To limit the negative impact, date your replenishing purchase transactions before the date of the customer invoice that caused the negative inventory. QuickBooks recalculates the average cost of all sales transactions dated after this “replenishing” purchase transaction. Of course, it is simply best not to sell negative inventory at all.

How to Avoid Incorrect Inventory Valuation

Troubleshooting negative inventory can be an eye opener to show how important proper inventory management is. To help with this task, rely on the Inventory Valuation Detail report, shown previously in Figure 6.21.

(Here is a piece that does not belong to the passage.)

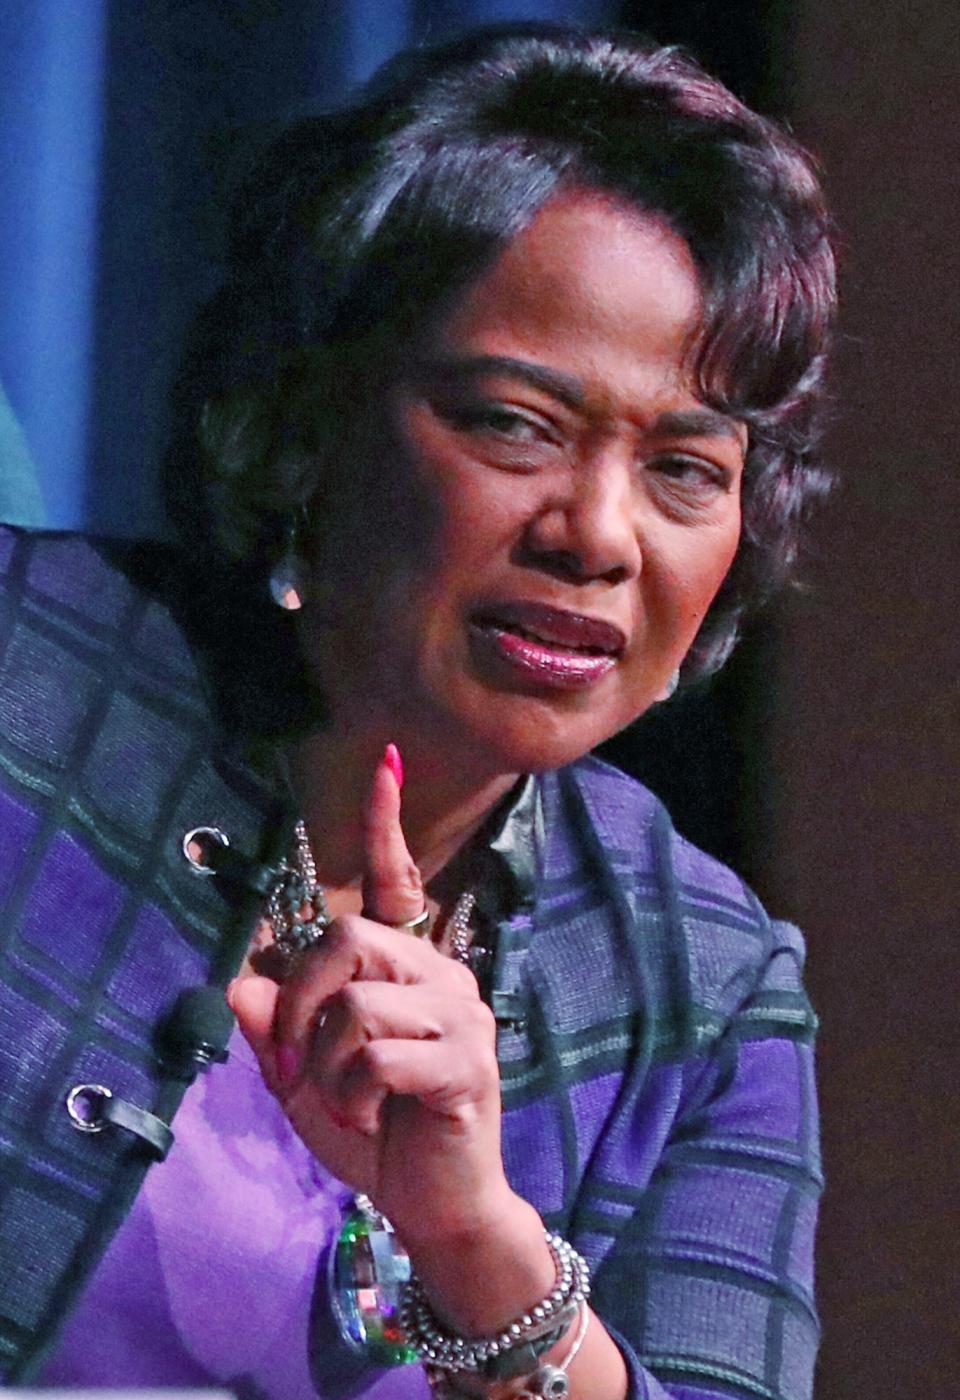 Bernice King, daughter of Martin Luther King Jr. and Coretta Scott King, answers a question from the moderator during her address in the student center ballroom as part of Kent State University's Martin Luther King Jr. Day celebration on Thursday.
(Photo: Mike Cardew, Akron Beacon Journal)

You can avoid these issues if the purchase transactions or inventory adjustments are dated on or before the date of the sales transactions creating the negative inventory. Backdating inventory adjustment transactions can be a powerful solution for correcting months of misstated financials, so use it where appropriate after discussing it with your accountant.

Using solid inventory management processes and being current with your data entry can avoid recording negative inventory. If you do have negative inventory, be sure to correct it at the end of your tax year, or your tax return information will potentially be incorrect.